» **Work required**
What's needed is an exact copy of the lines from the one that contains "Maison Kitsune Embroidery S/S T-Shirt" to the end of the data below, leaving the pictures out.

» **Collected data**
....
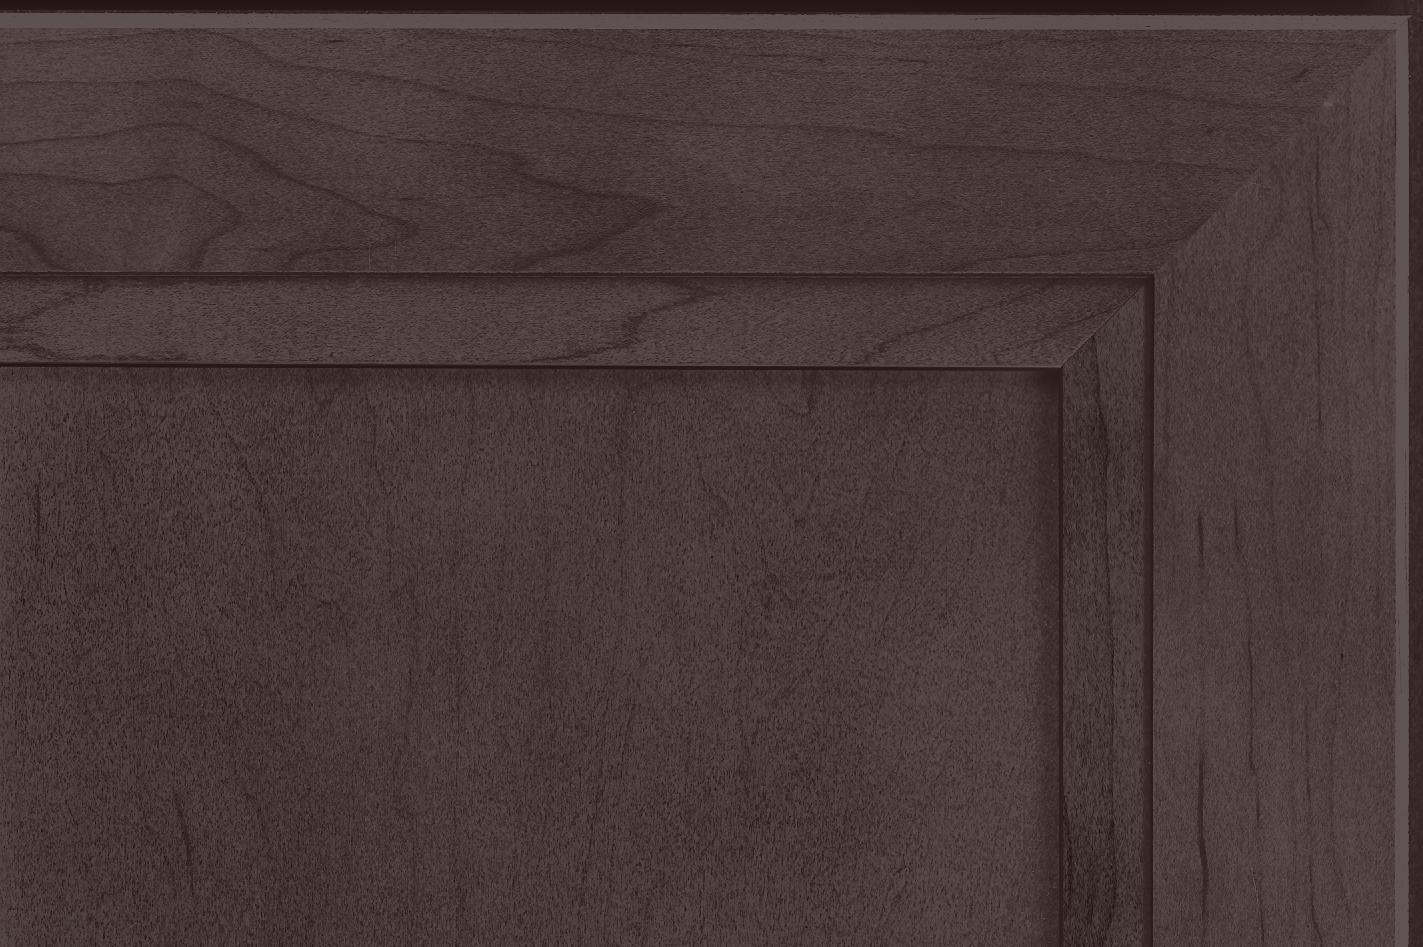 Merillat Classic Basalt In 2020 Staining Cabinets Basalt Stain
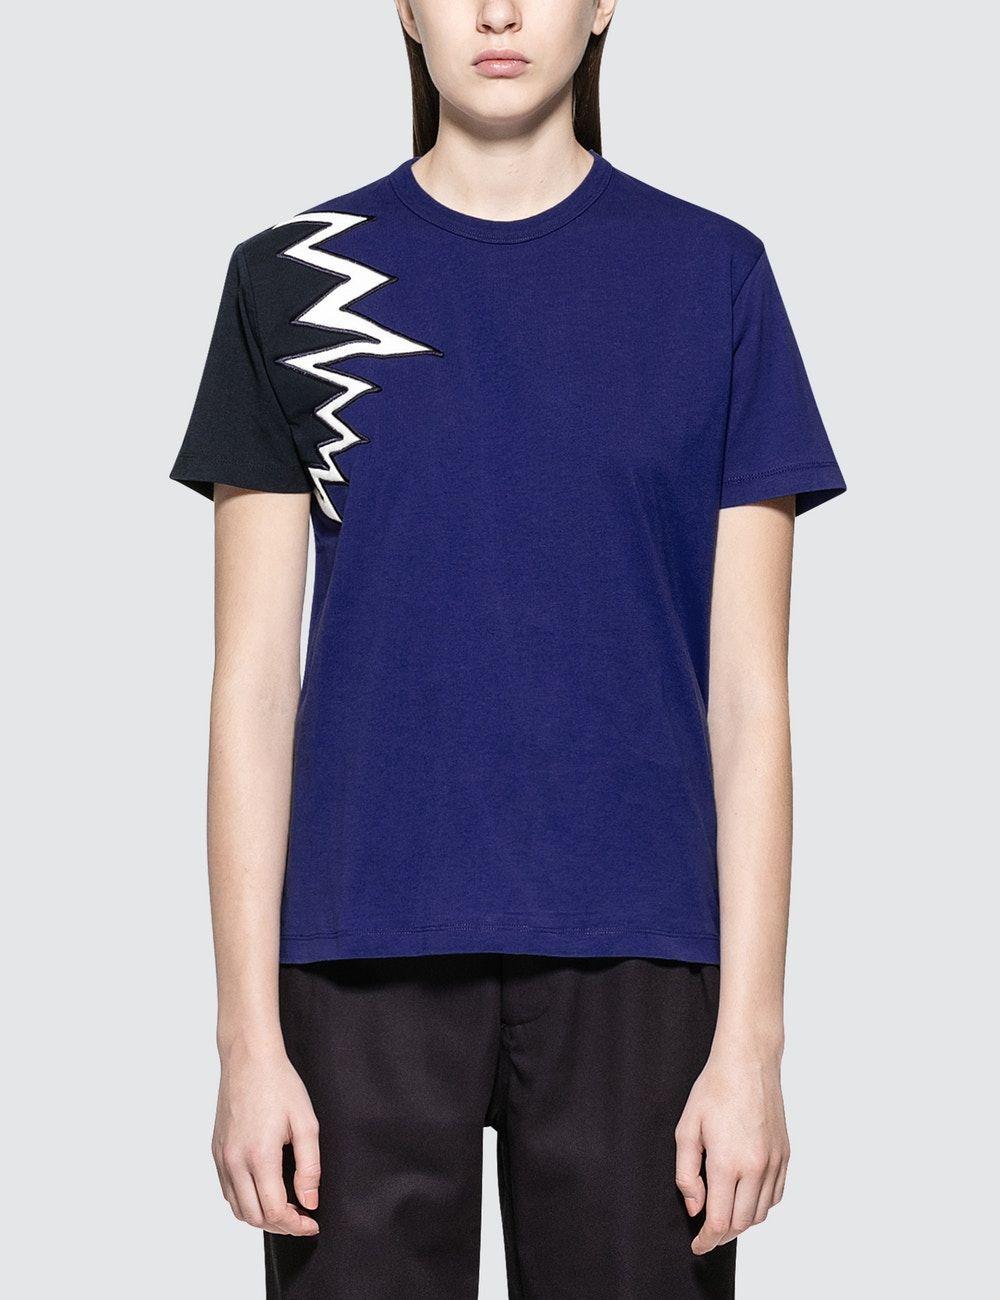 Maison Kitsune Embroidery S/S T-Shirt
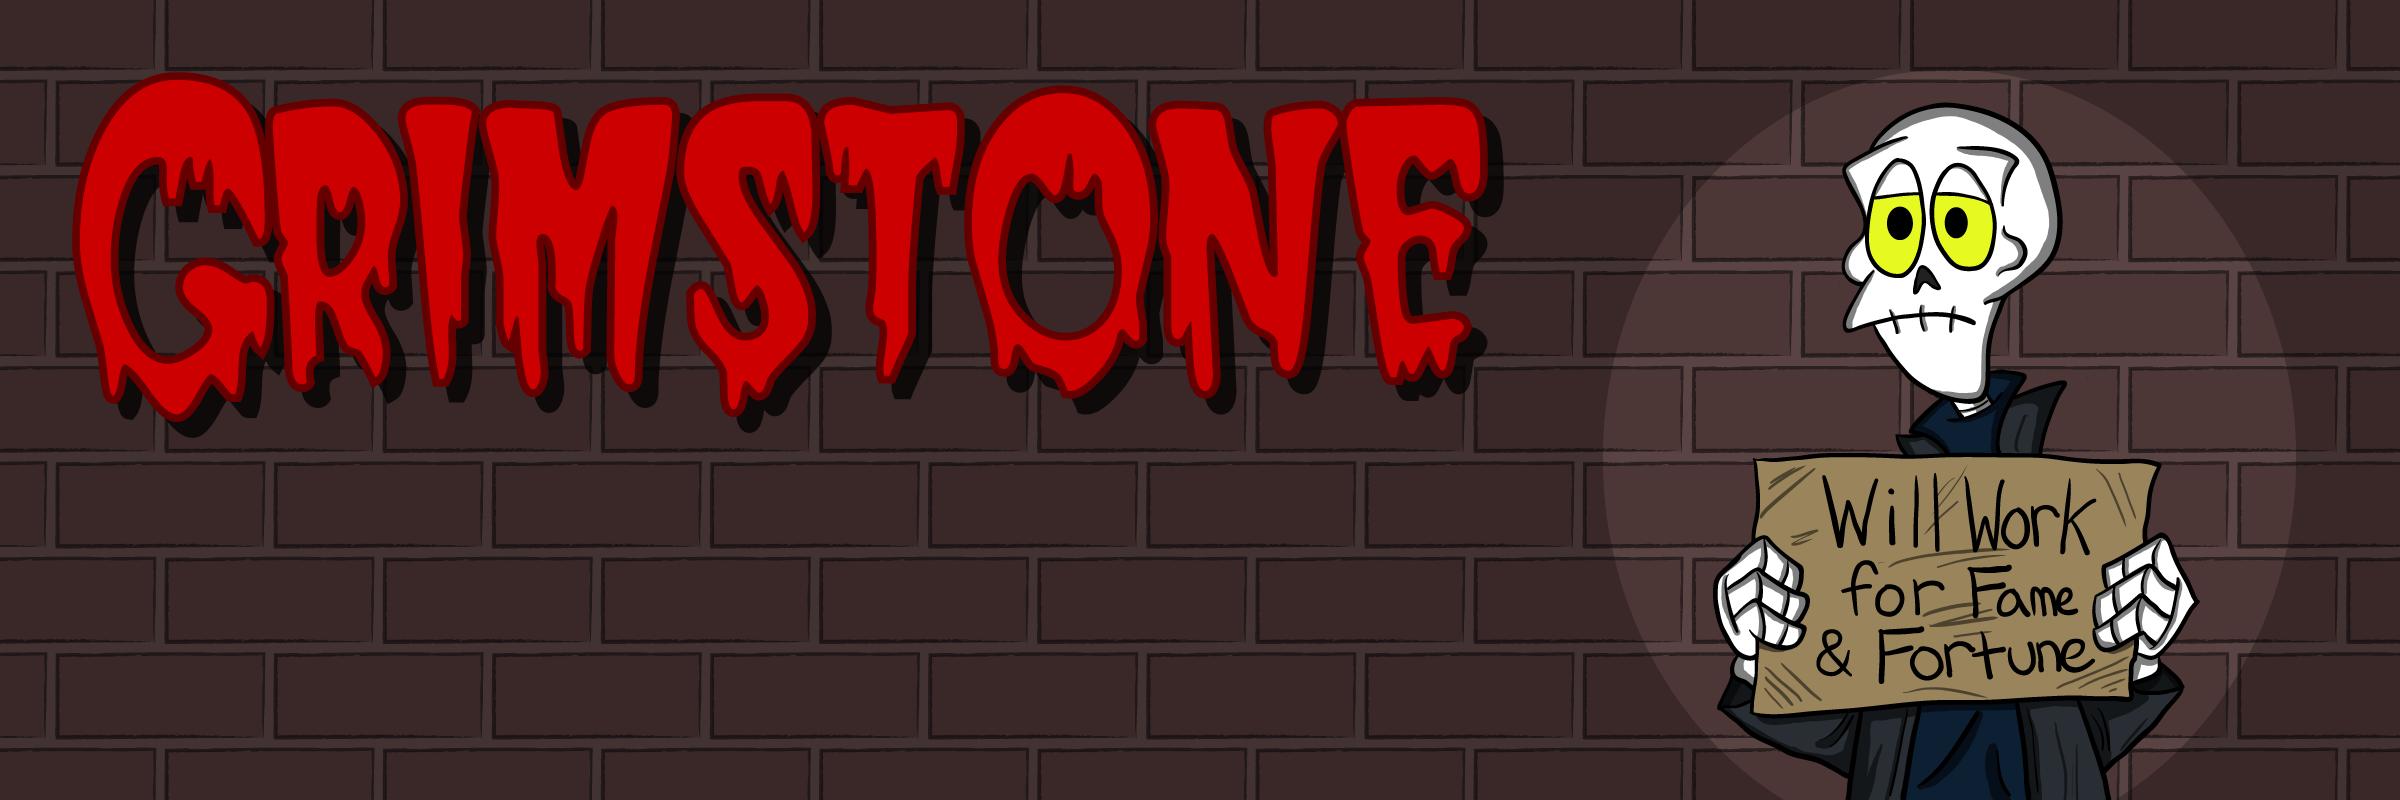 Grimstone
....
» **Output for this exercise**
 Maison Kitsune Embroidery S/S T-Shirt
 Grimstone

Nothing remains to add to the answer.